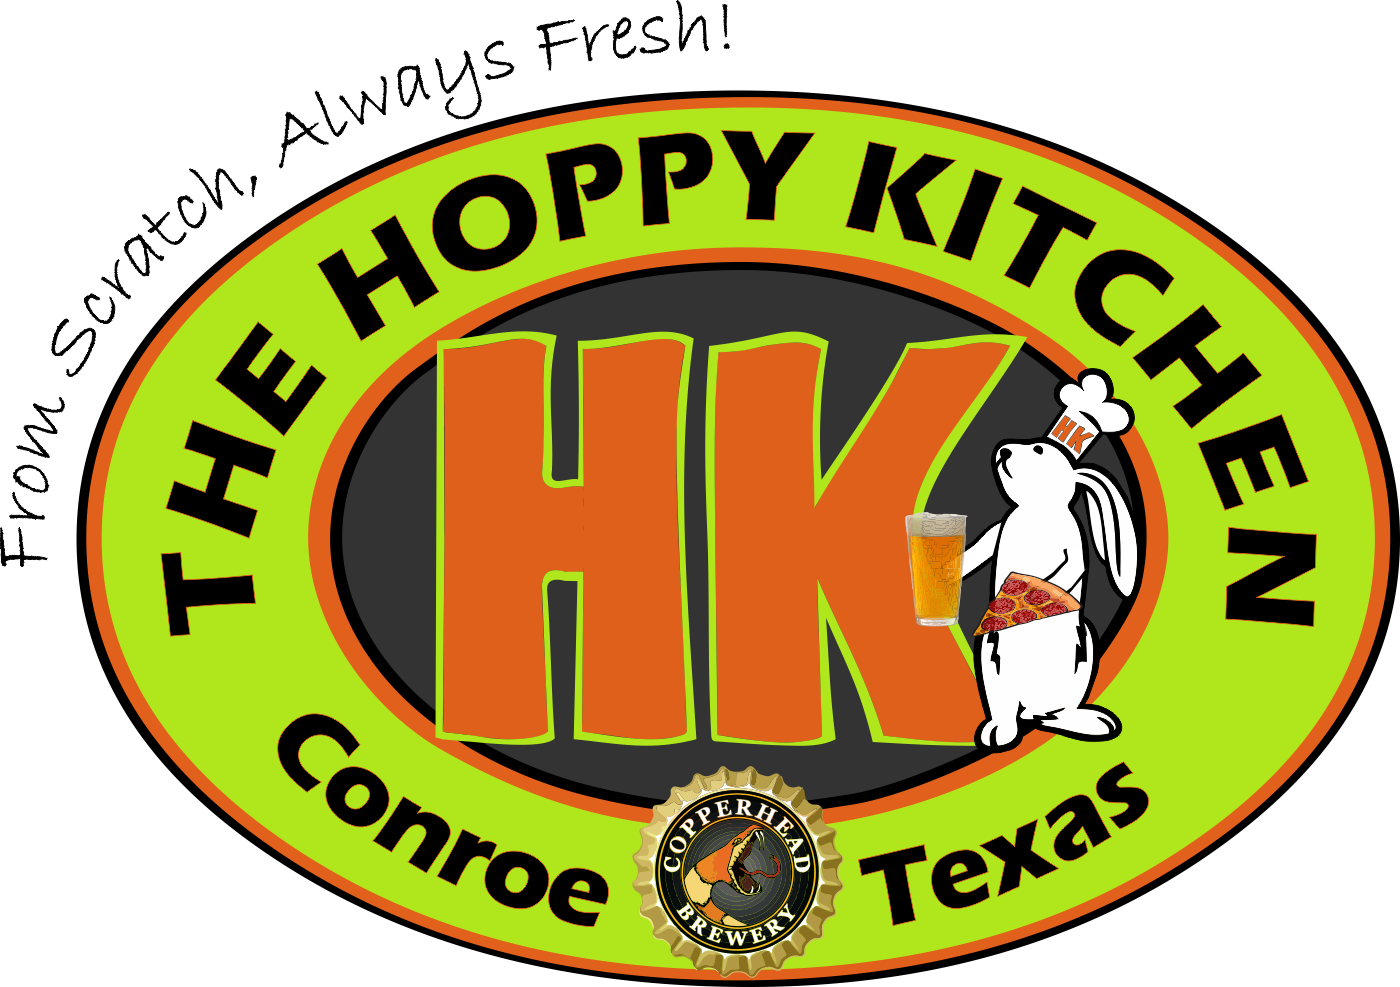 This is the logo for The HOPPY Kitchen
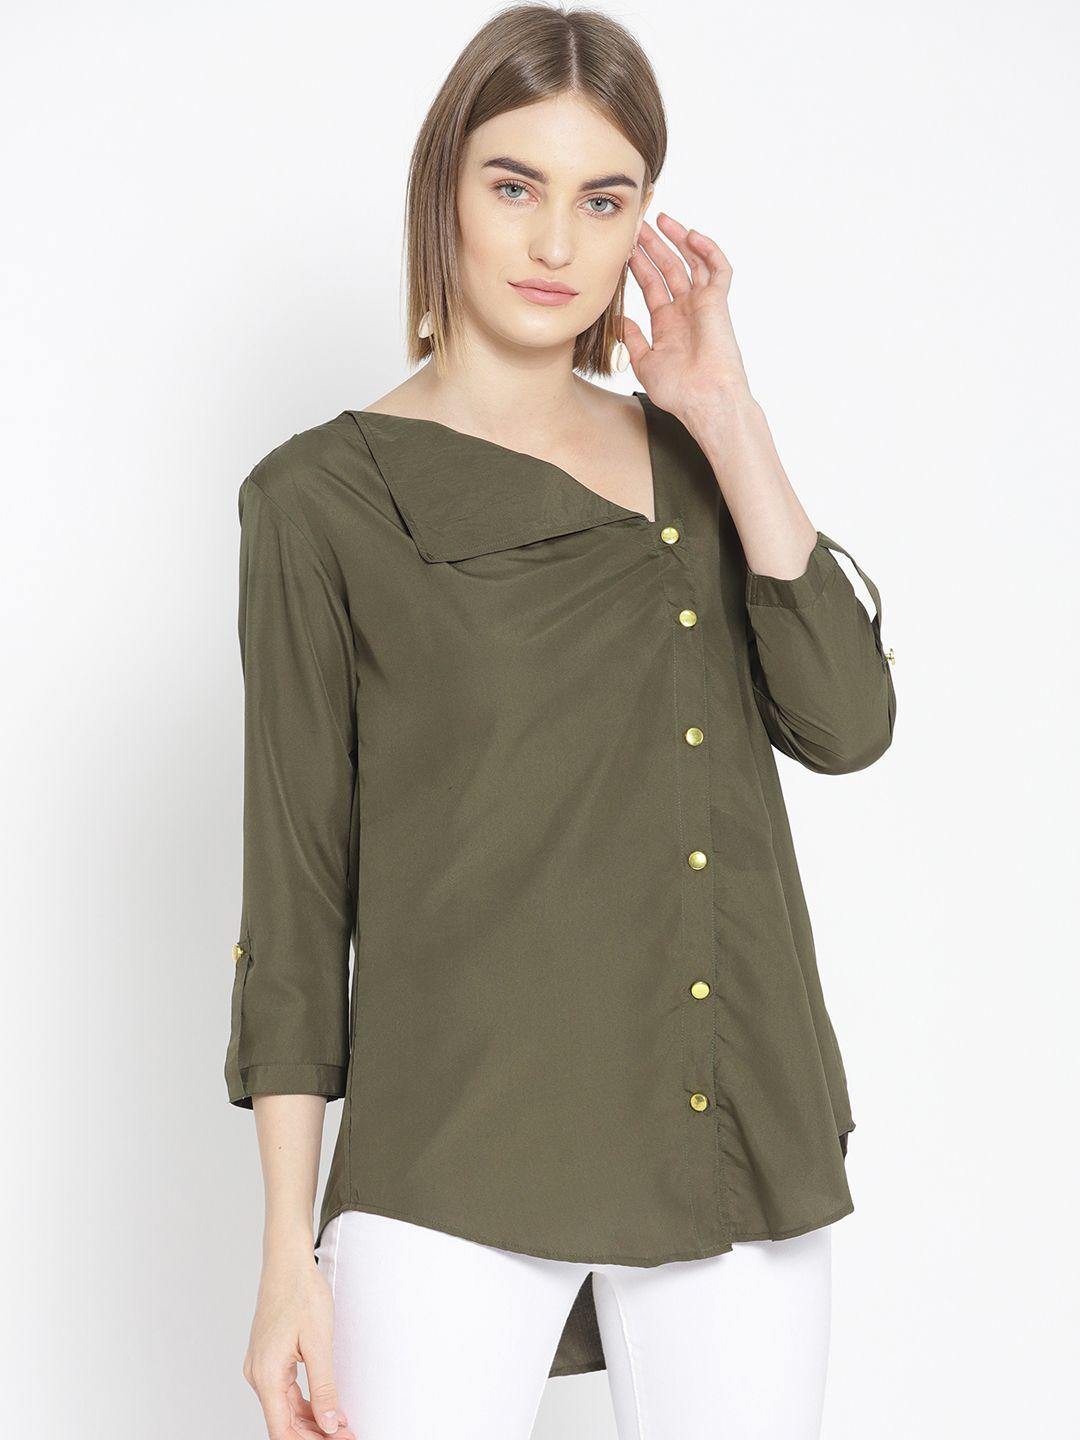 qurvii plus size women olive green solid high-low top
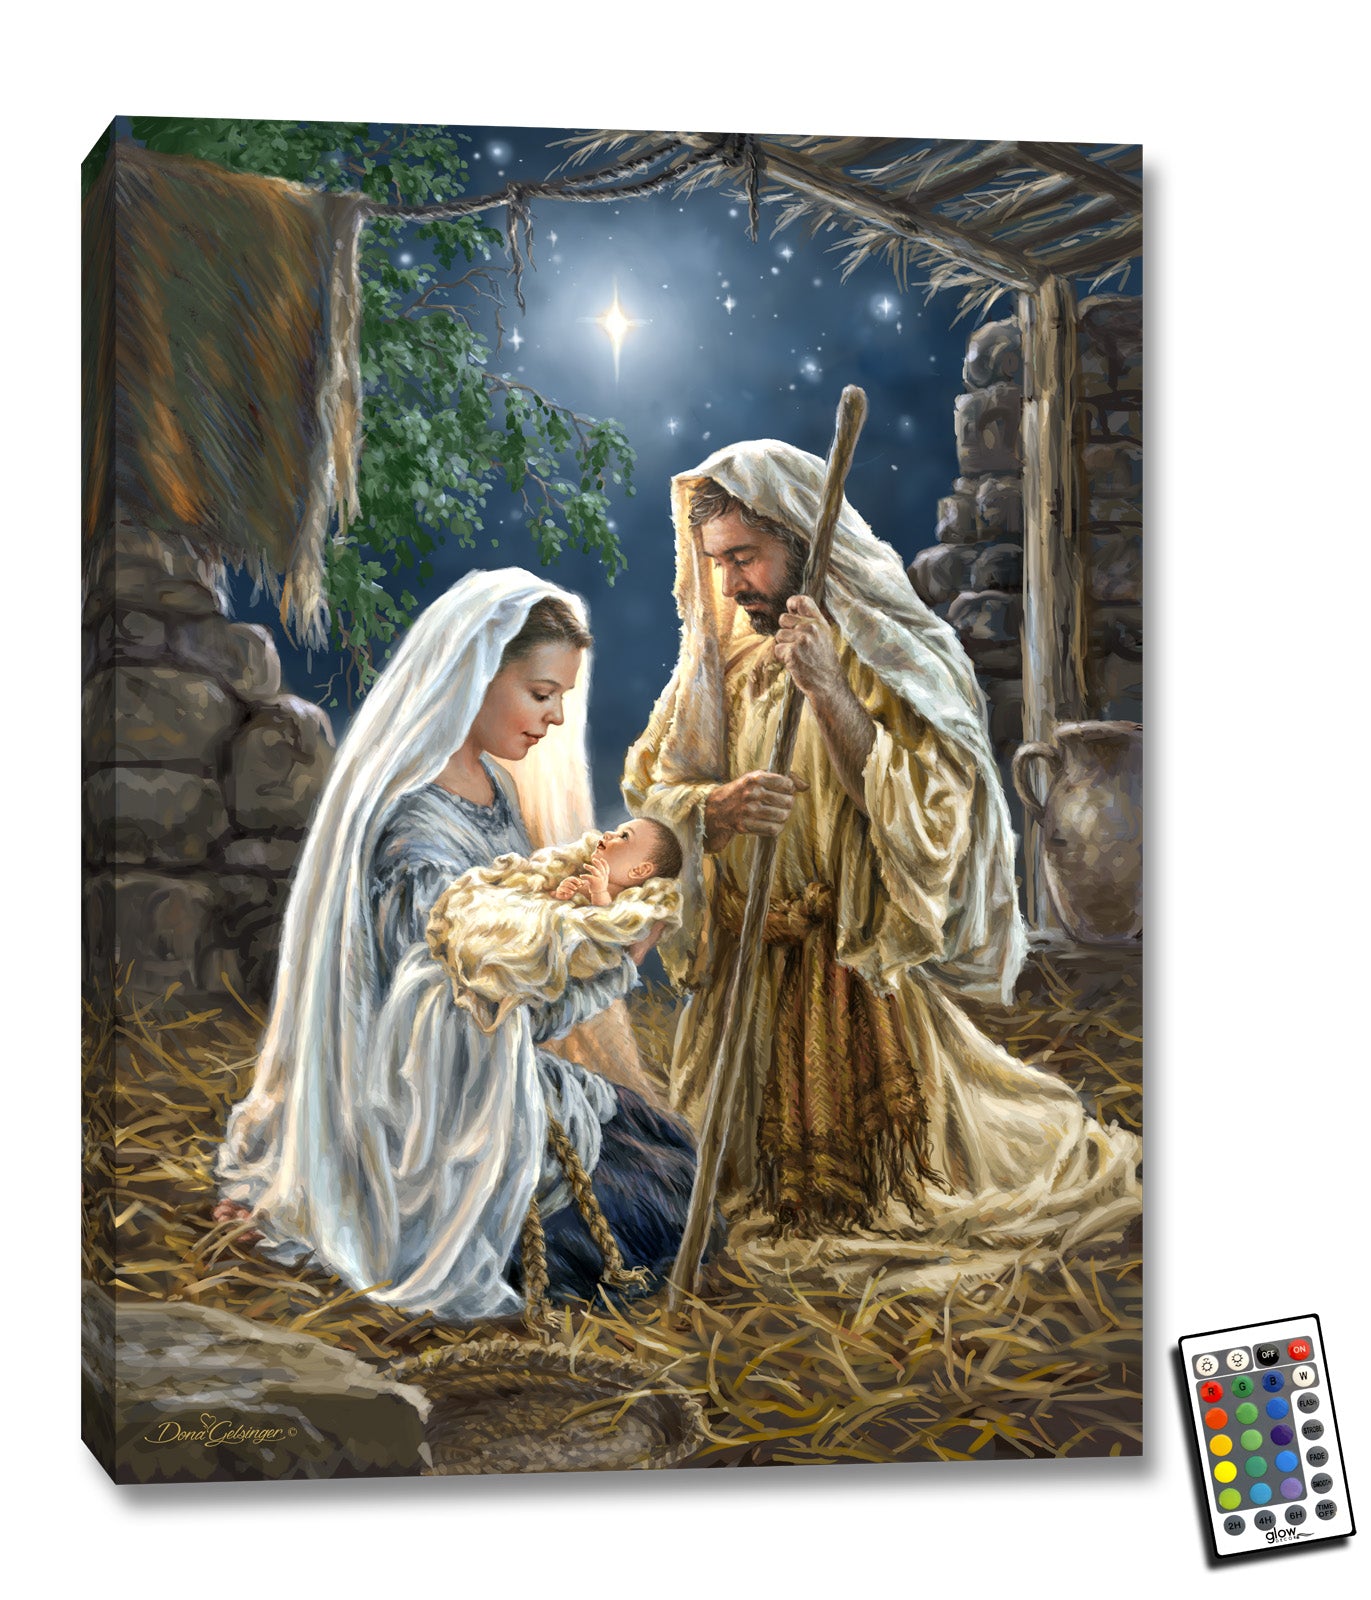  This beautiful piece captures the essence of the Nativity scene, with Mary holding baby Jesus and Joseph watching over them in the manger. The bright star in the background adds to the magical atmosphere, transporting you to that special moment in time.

What the exercise asks:
Without including any image, reproduce the full listing above as written.

Result for this exercise:
 This is the logo for The HOPPY Kitchen
 qurvii plus size women olive green solid high-low top
  This beautiful piece captures the essence of the Nativity scene, with Mary holding baby Jesus and Joseph watching over them in the manger. The bright star in the background adds to the magical atmosphere, transporting you to that special moment in time.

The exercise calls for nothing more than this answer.